Your answer should be only the lines below from the one with "Panasonic employees attending" to the one with "peter jones eyewear", repeated exactly, ends included.

» RECORDS TO PROCESS:
★ ★ ★
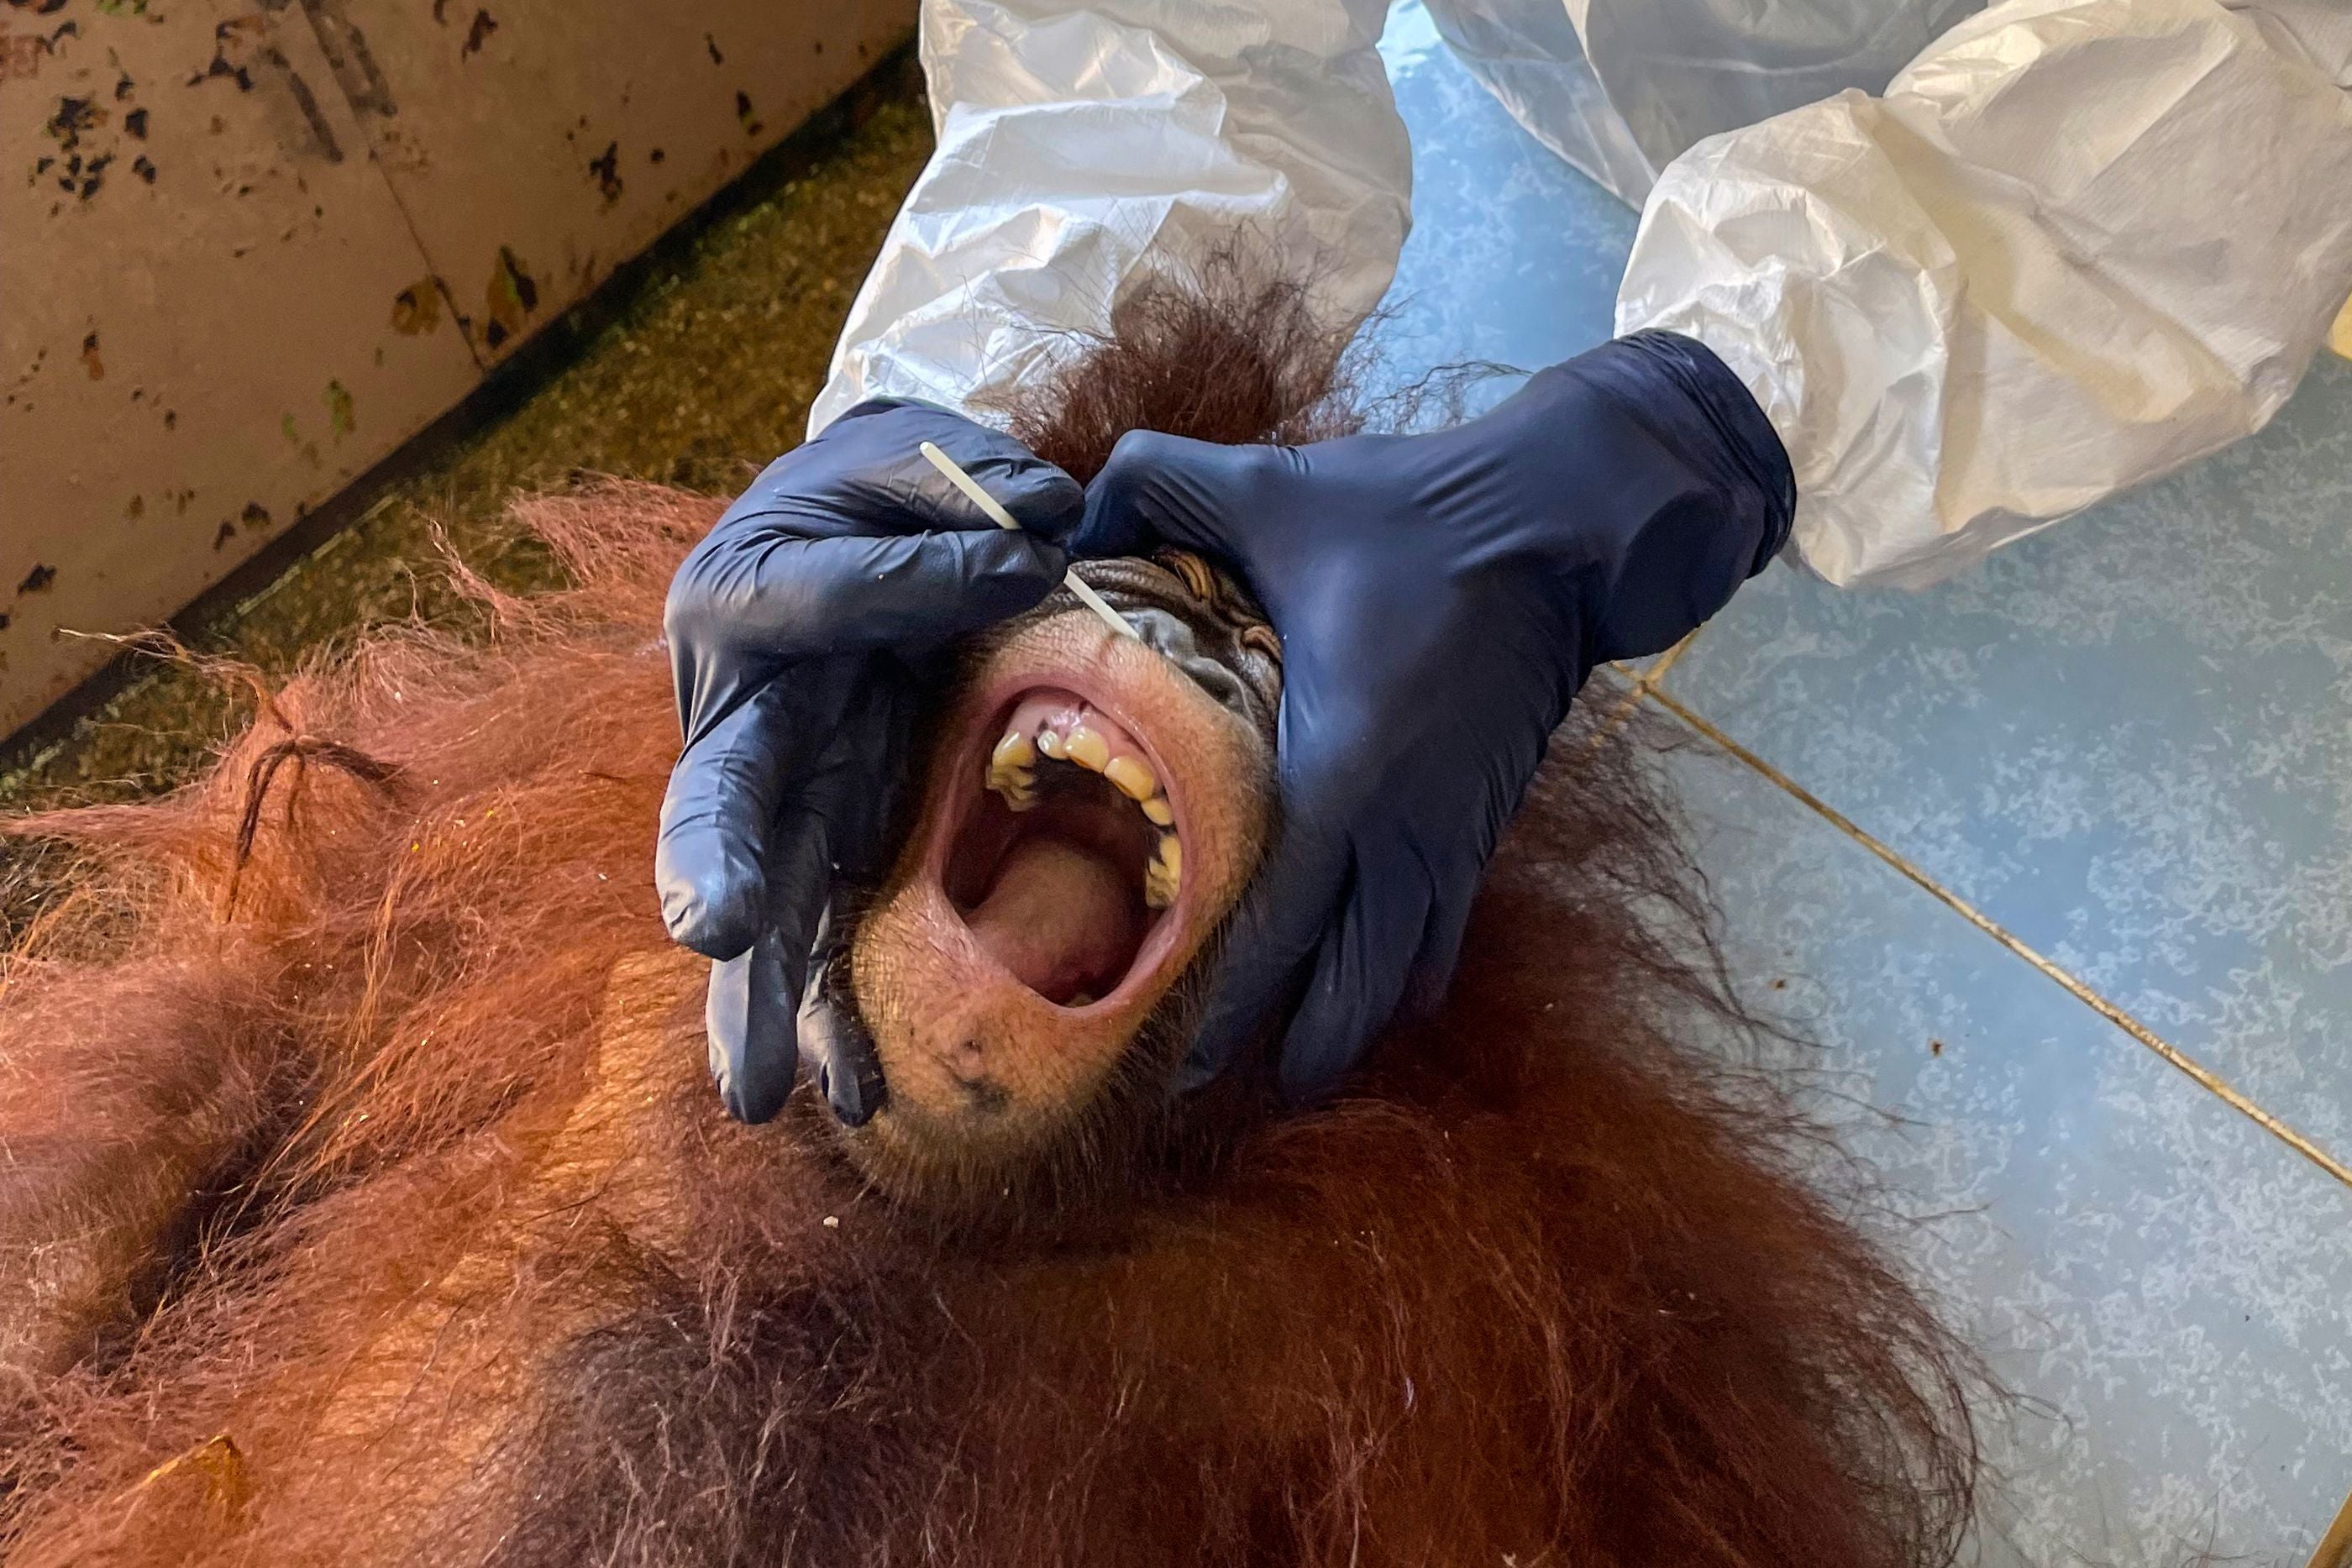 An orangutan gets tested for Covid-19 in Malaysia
★ ★ ★
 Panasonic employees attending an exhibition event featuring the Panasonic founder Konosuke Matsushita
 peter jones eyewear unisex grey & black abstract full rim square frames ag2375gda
★ ★ ★
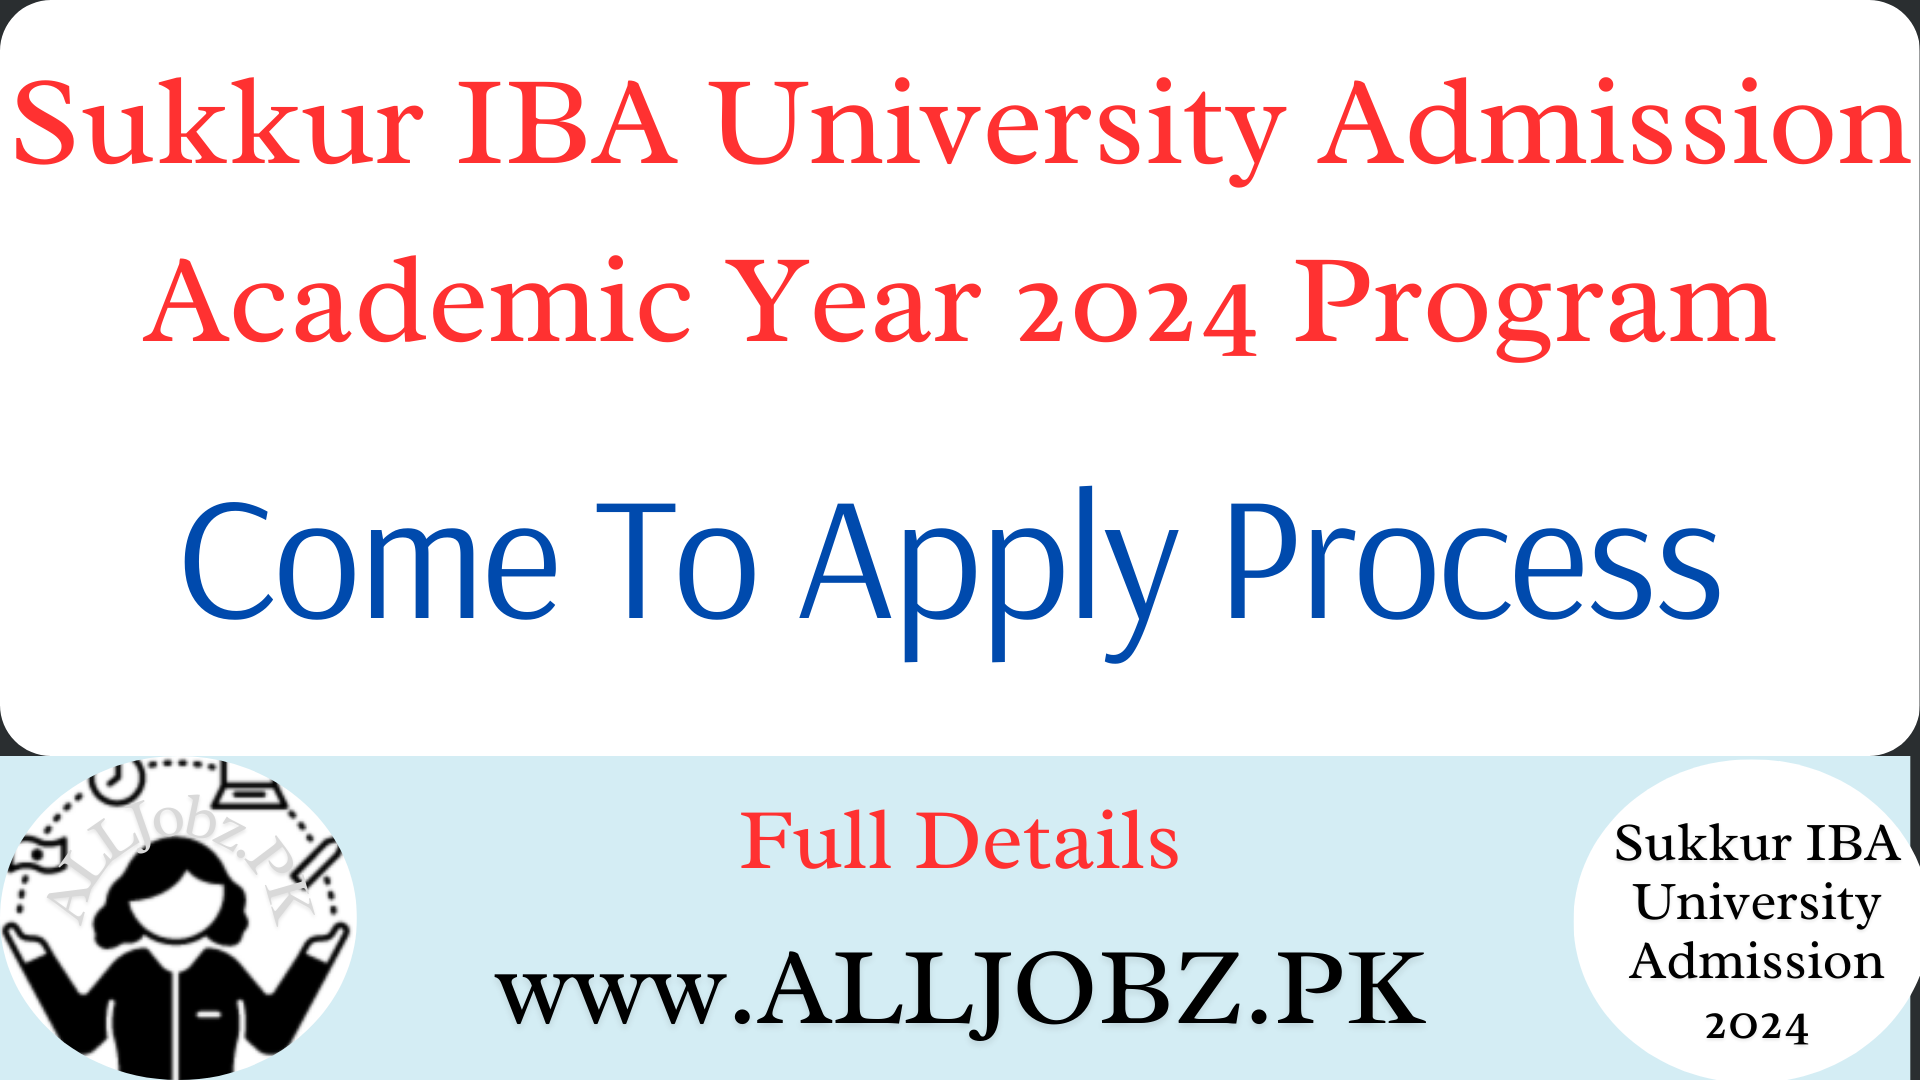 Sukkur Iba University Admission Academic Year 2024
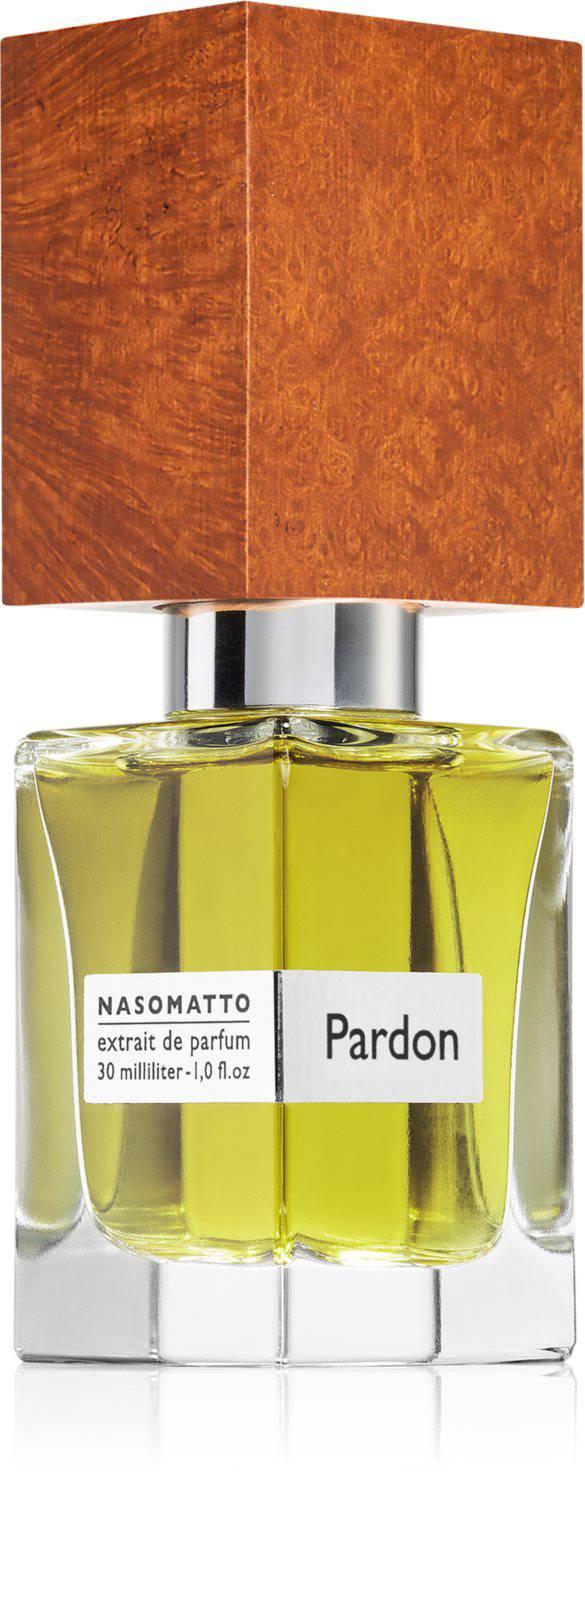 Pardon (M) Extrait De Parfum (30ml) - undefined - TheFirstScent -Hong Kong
★ ★ ★
» COMPLETED EXERCISE:
 Panasonic employees attending an exhibition event featuring the Panasonic founder Konosuke Matsushita
 peter jones eyewear unisex grey & black abstract full rim square frames ag2375gda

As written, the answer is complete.